---- DATA SHOWN
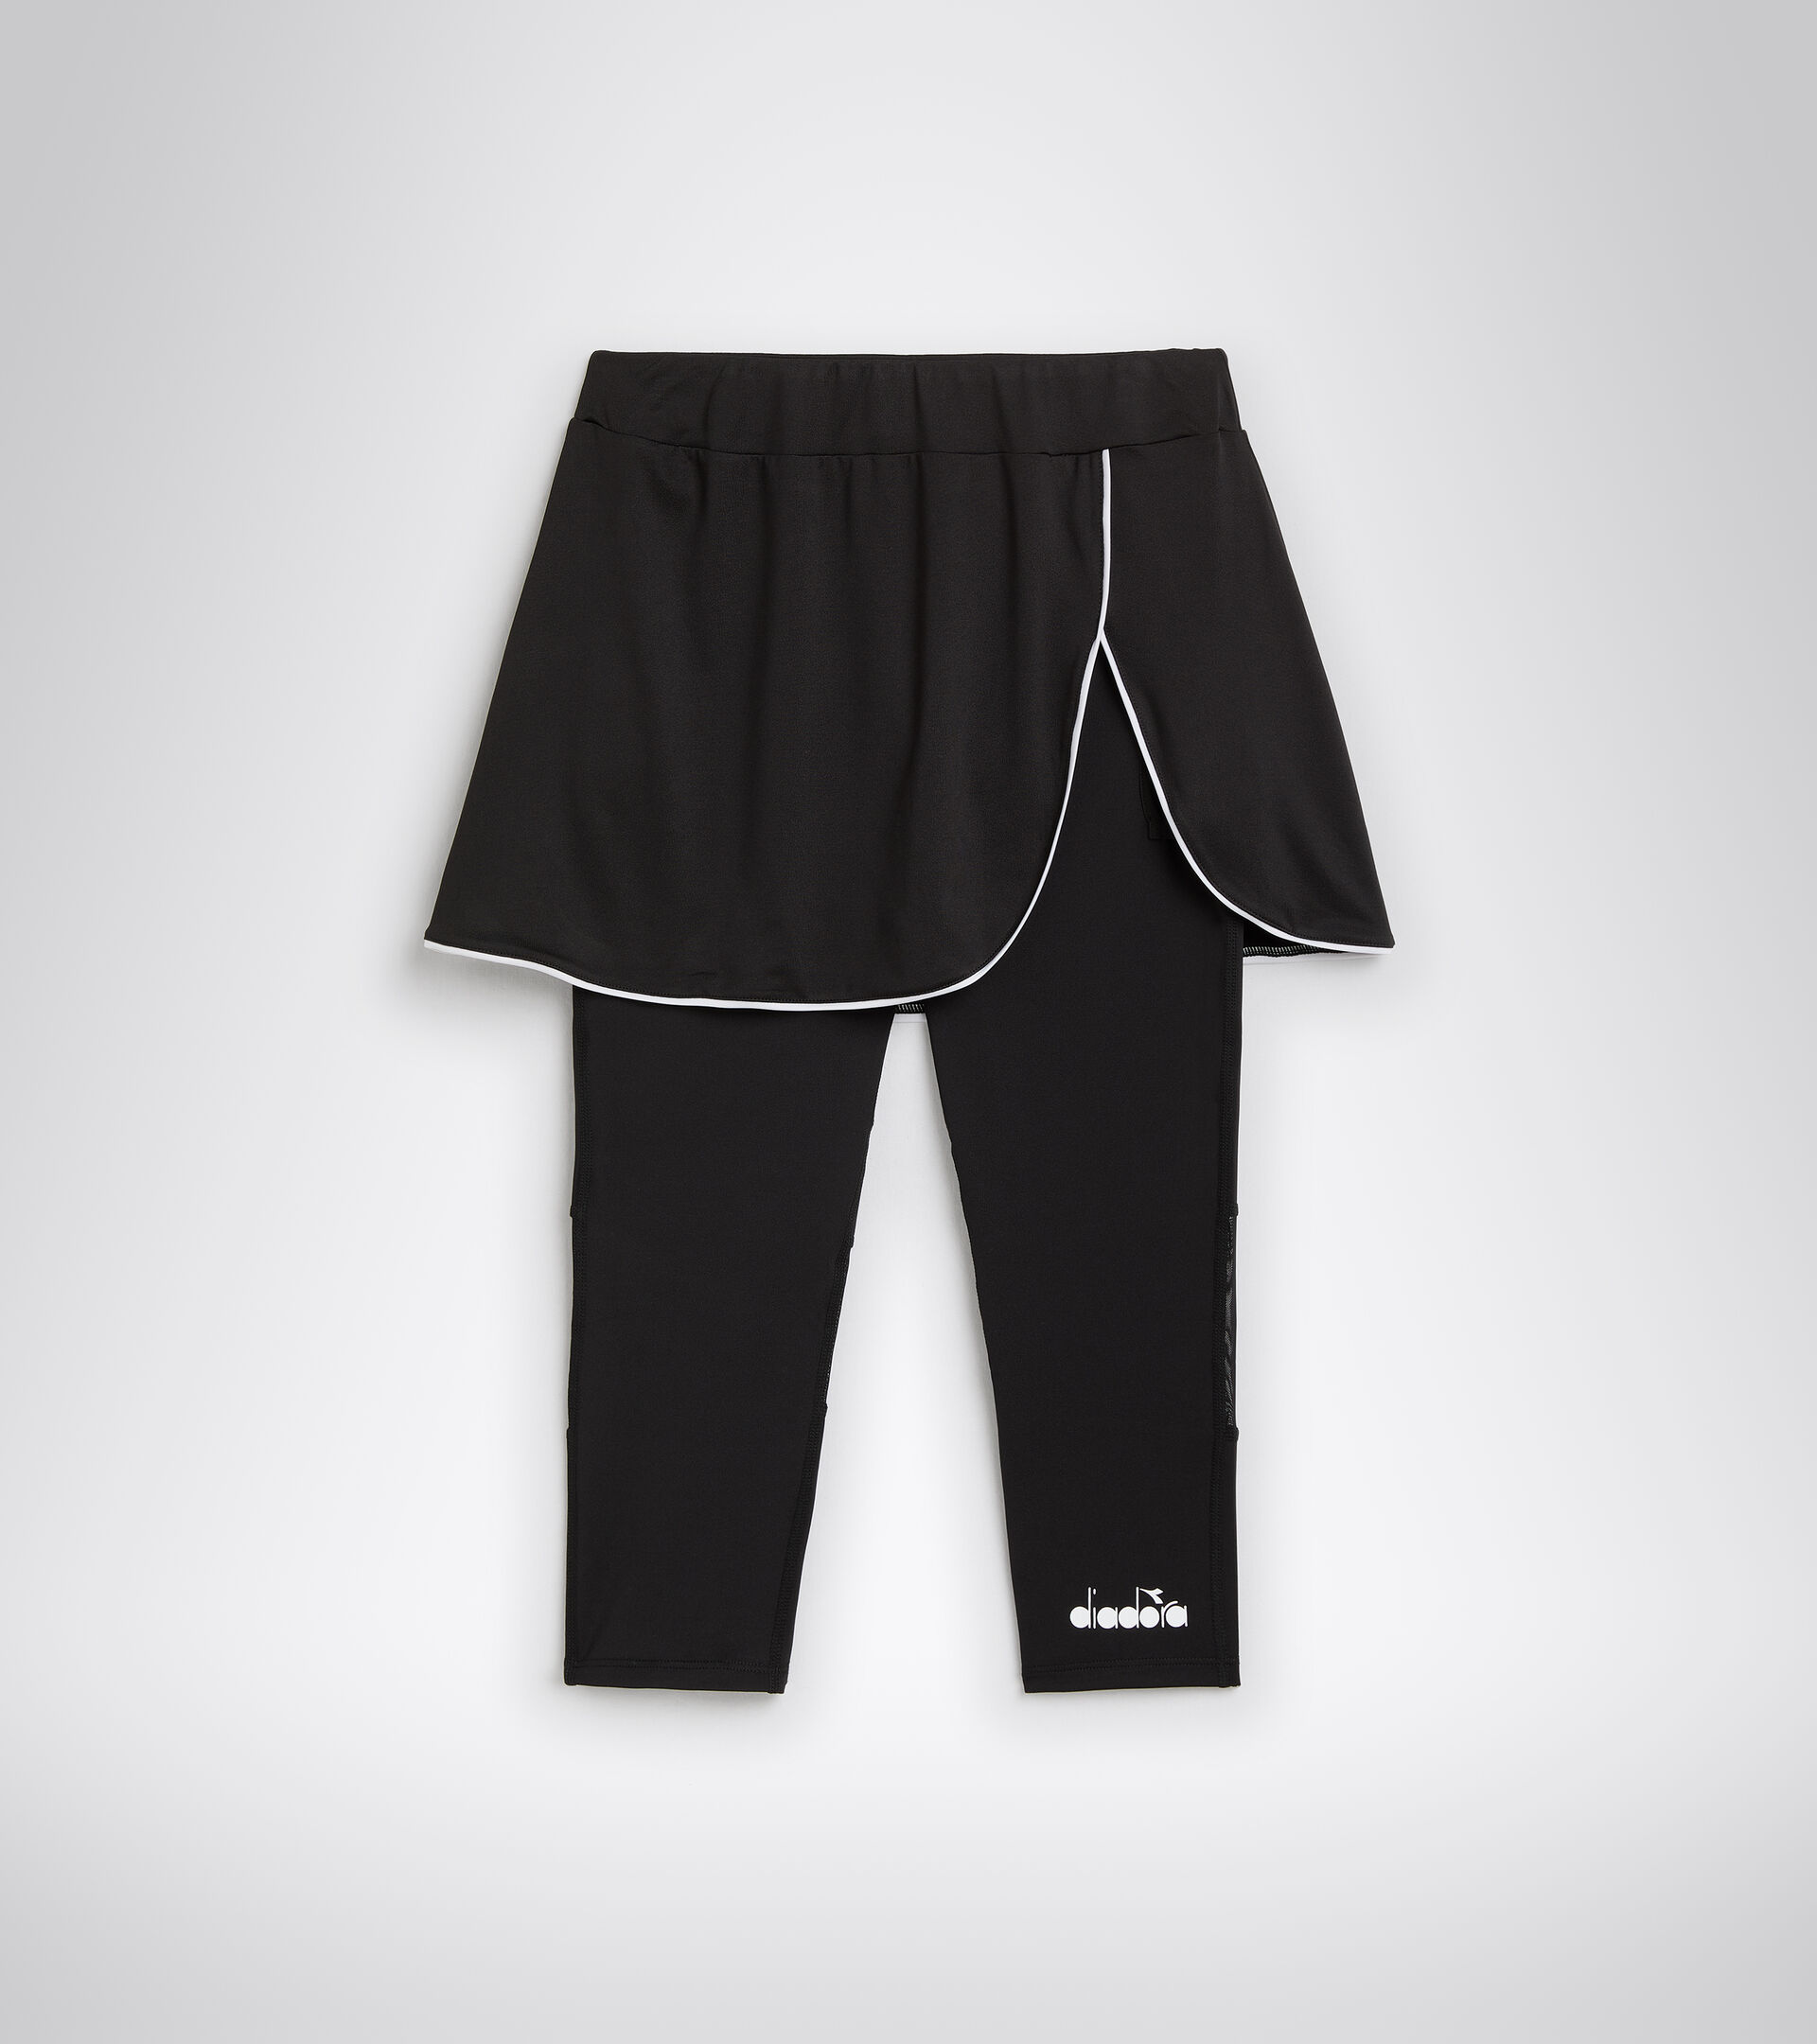 L. POWER SKIRT Polyester tennis skirt - Women - Diadora Online Store US
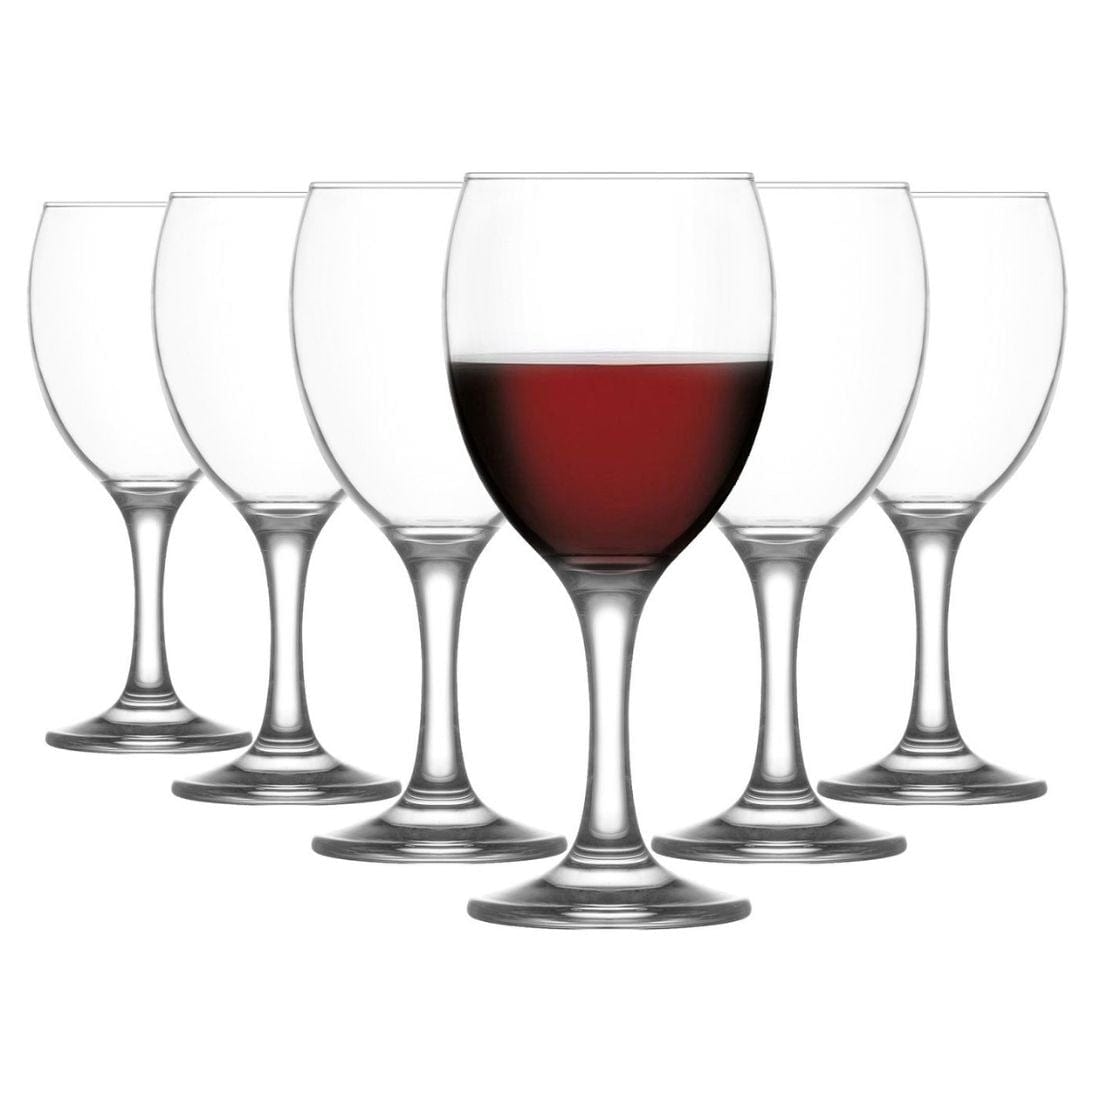 LAV Empire Red Wine Glasses (340 ml) - Set of 6
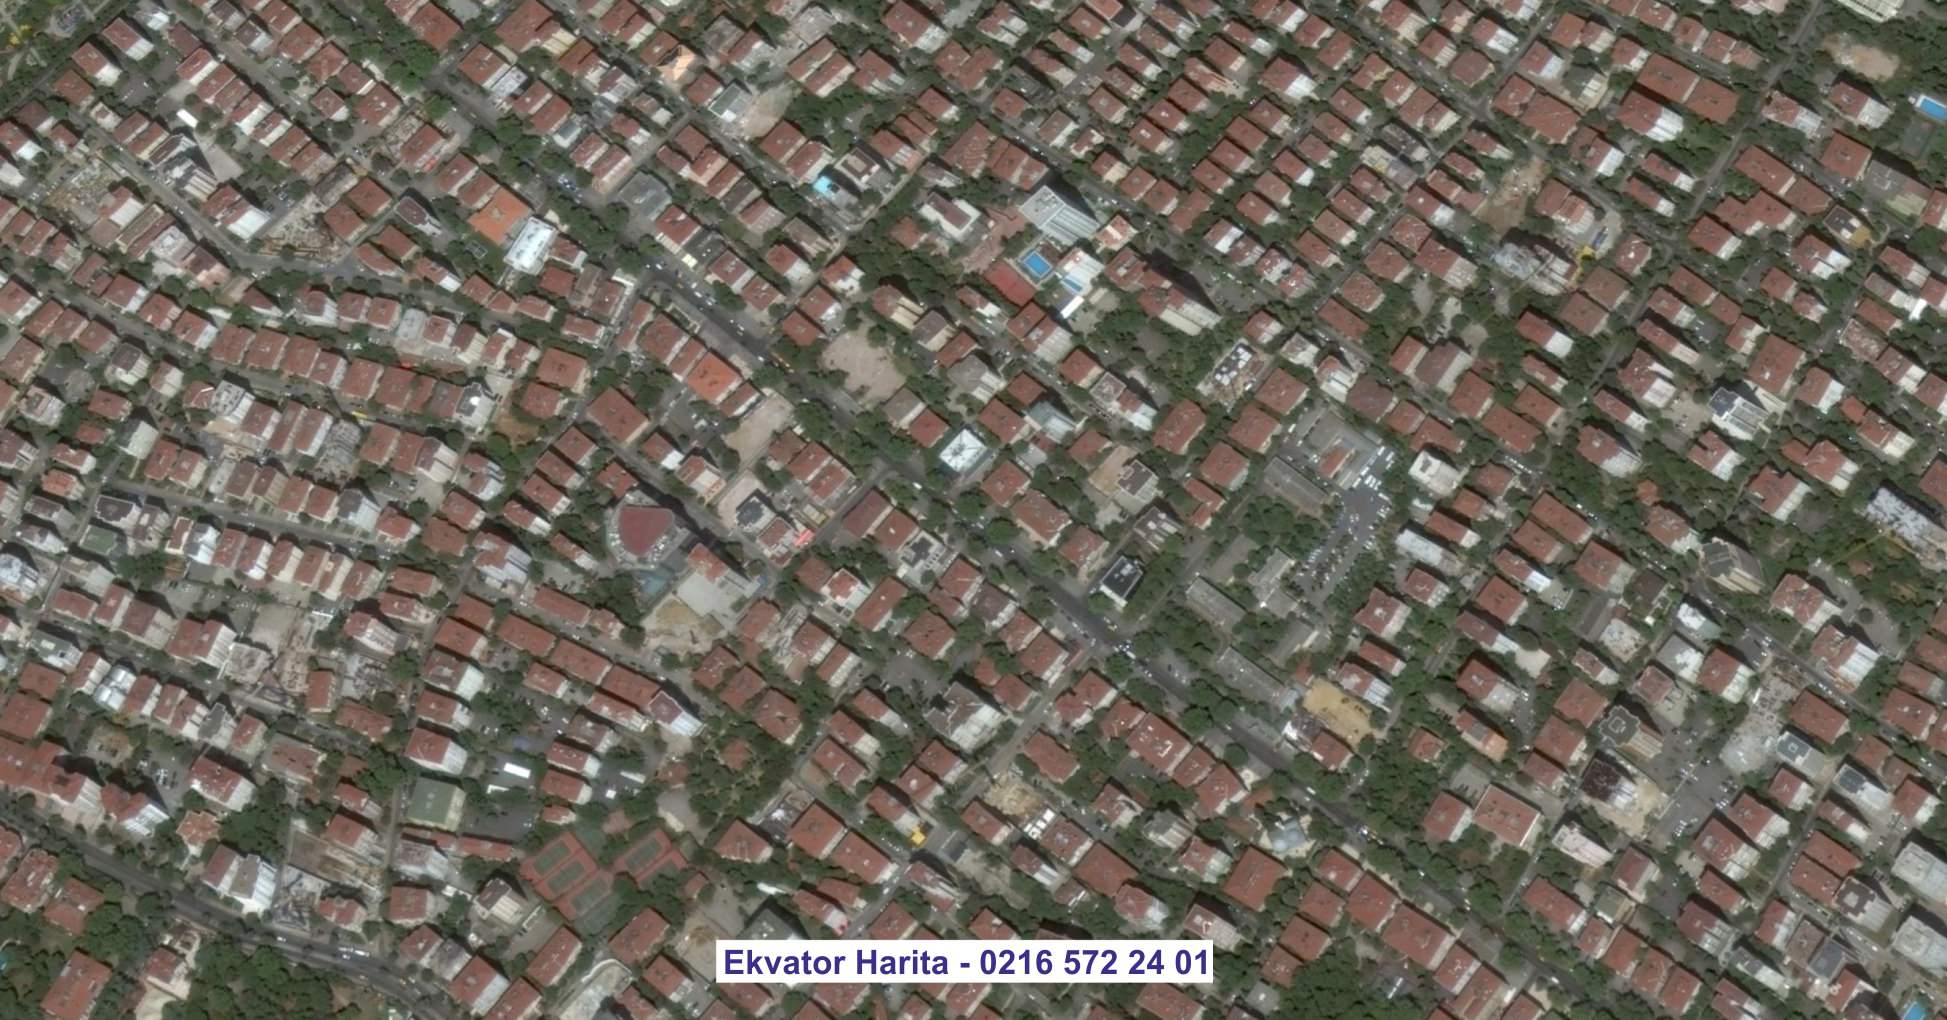 Artvin Uydu Görüntüsü Örnek Fotoğrafı
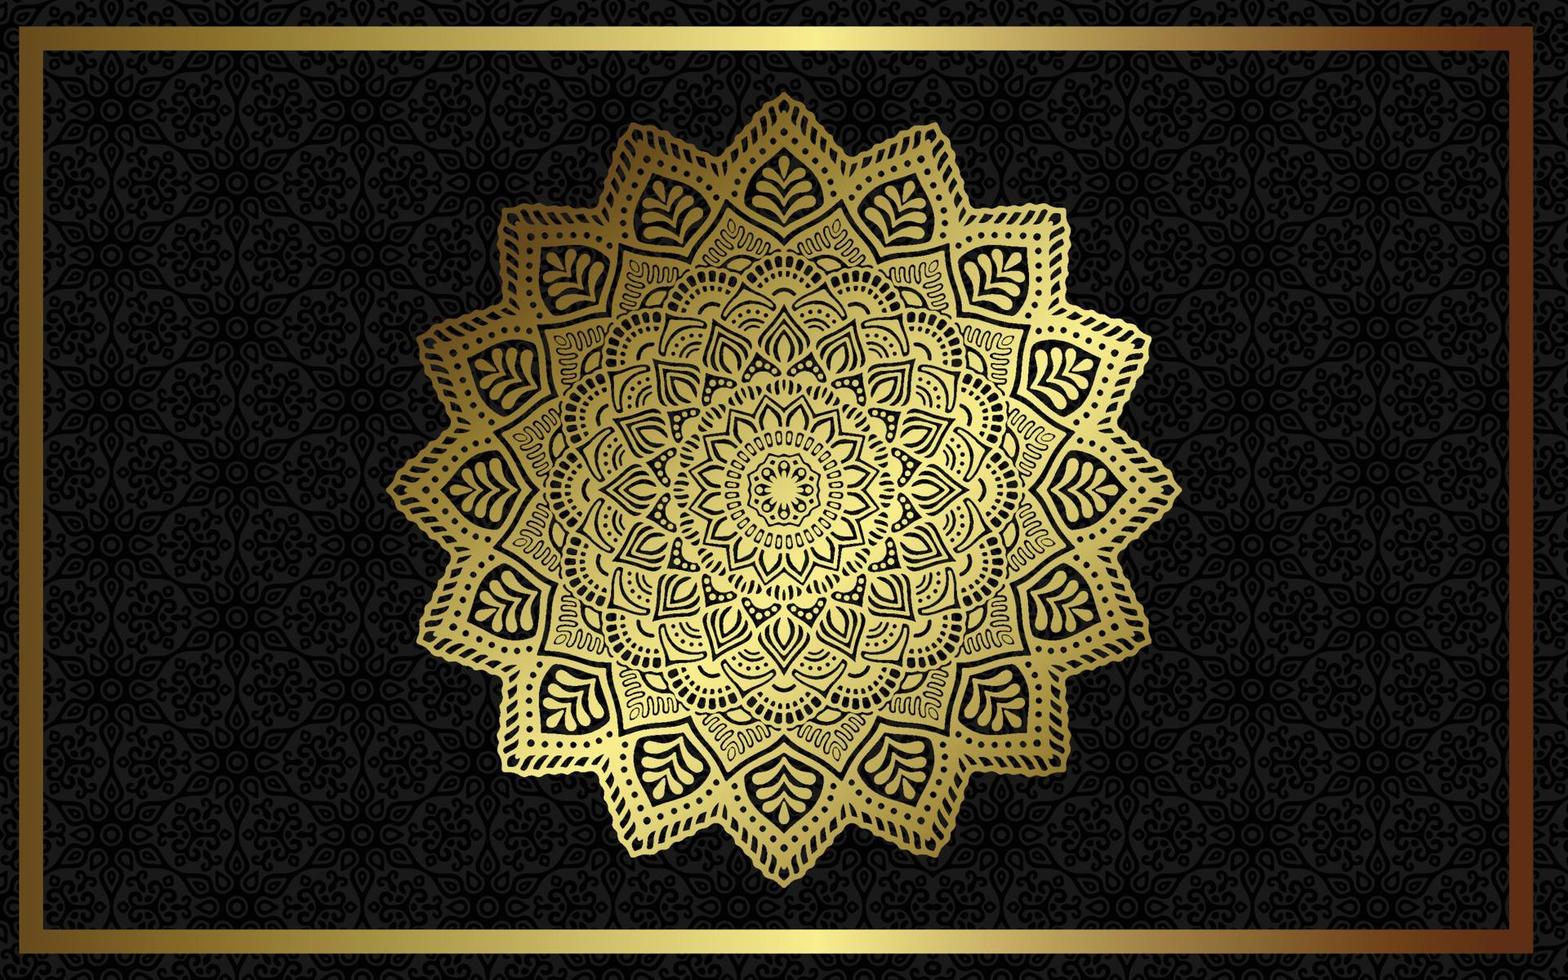 lyx mandala bakgrund med gyllene arabesk mönster arabisk islamisk öst stil. dekorativ mandala i ramadanstil. mandala för tryck, affisch, omslag, broschyr, flygblad, banderoll vektor
--------
» PROBLEM STATEMENT: Set down every line above exactly, pictures excluded.

» EXERCISE OUTPUT:
 L. POWER SKIRT Polyester tennis skirt - Women - Diadora Online Store US
 LAV Empire Red Wine Glasses (340 ml) - Set of 6
 Artvin Uydu Görüntüsü Örnek Fotoğrafı
 lyx mandala bakgrund med gyllene arabesk mönster arabisk islamisk öst stil. dekorativ mandala i ramadanstil. mandala för tryck, affisch, omslag, broschyr, flygblad, banderoll vektor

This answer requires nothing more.